Cross-validation for regression

When we introduced classification, we stressed the importance of cross-validation for checking the quality of our predictions. When performing regression, this is not always done. In fact, we have discussed only the training errors in this chapter so far.

This is a mistake if you want to confidently infer the generalization ability. However, since ordinary least squares is a very simple model, this is often not a very serious mistake. In other words, the amount of overfitting is slight. We should still test this empirically, which we can easily do with scikit-learn.
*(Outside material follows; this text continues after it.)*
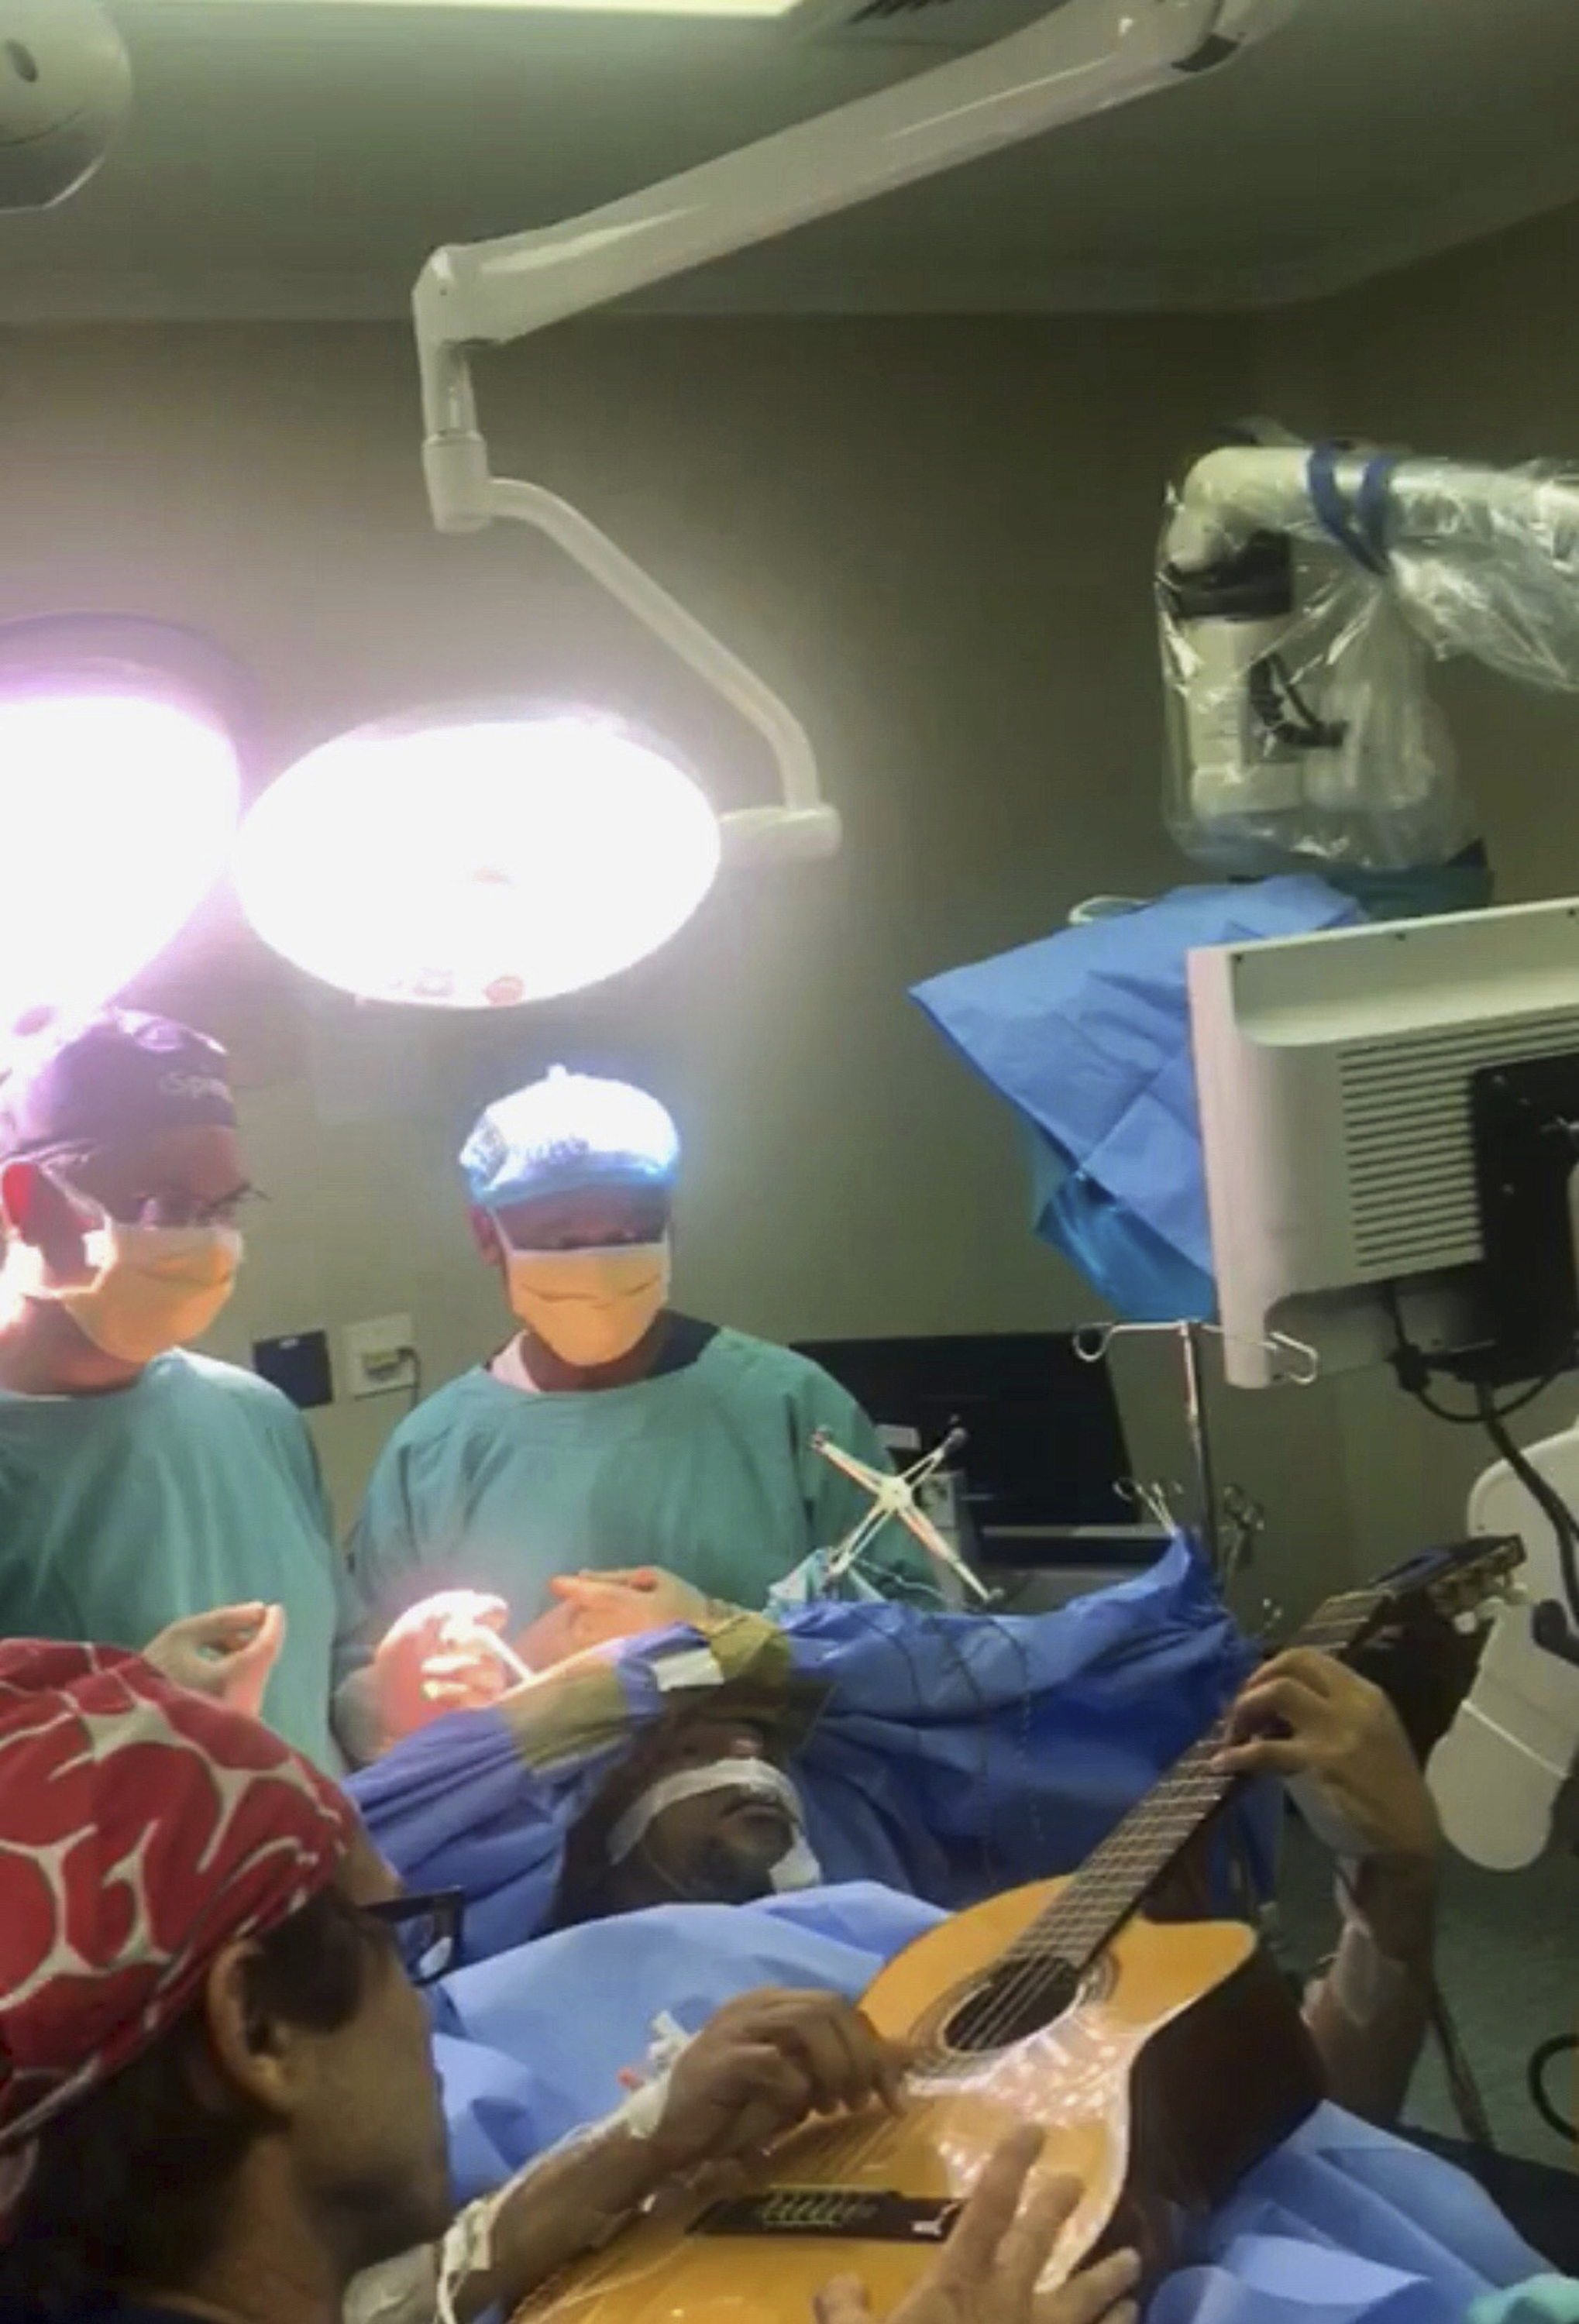 South African musician plays guitar during brain surgery

We will use the Kfold class to build a five-fold cross-validation loop and test the generalization ability of linear regression:

from sklearn.model_selection import KFold, cross_val_predict 
kf = KFold(n_splits=5)
p = cross_val_predict(lr, x, y, cv=kf)
rmse_cv = np.sqrt(mean_squared_error(p, y))
print('RMSE on 5-fold CV: {:.2}'.format(rmse_cv))
RMSE on 5-fold CV: 6.1

With cross-validation, we obtain a more conservative estimate (that is, the error is larger): 6.1. As in the case of classification, the cross-validation estimate is a better estimate of how well we could generalize to predict on unseen data.

Ordinary least squares is fast at learning time and returns a simple model, which is fast at prediction time. However, we are now going to see more advanced methods and why they are sometimes preferable.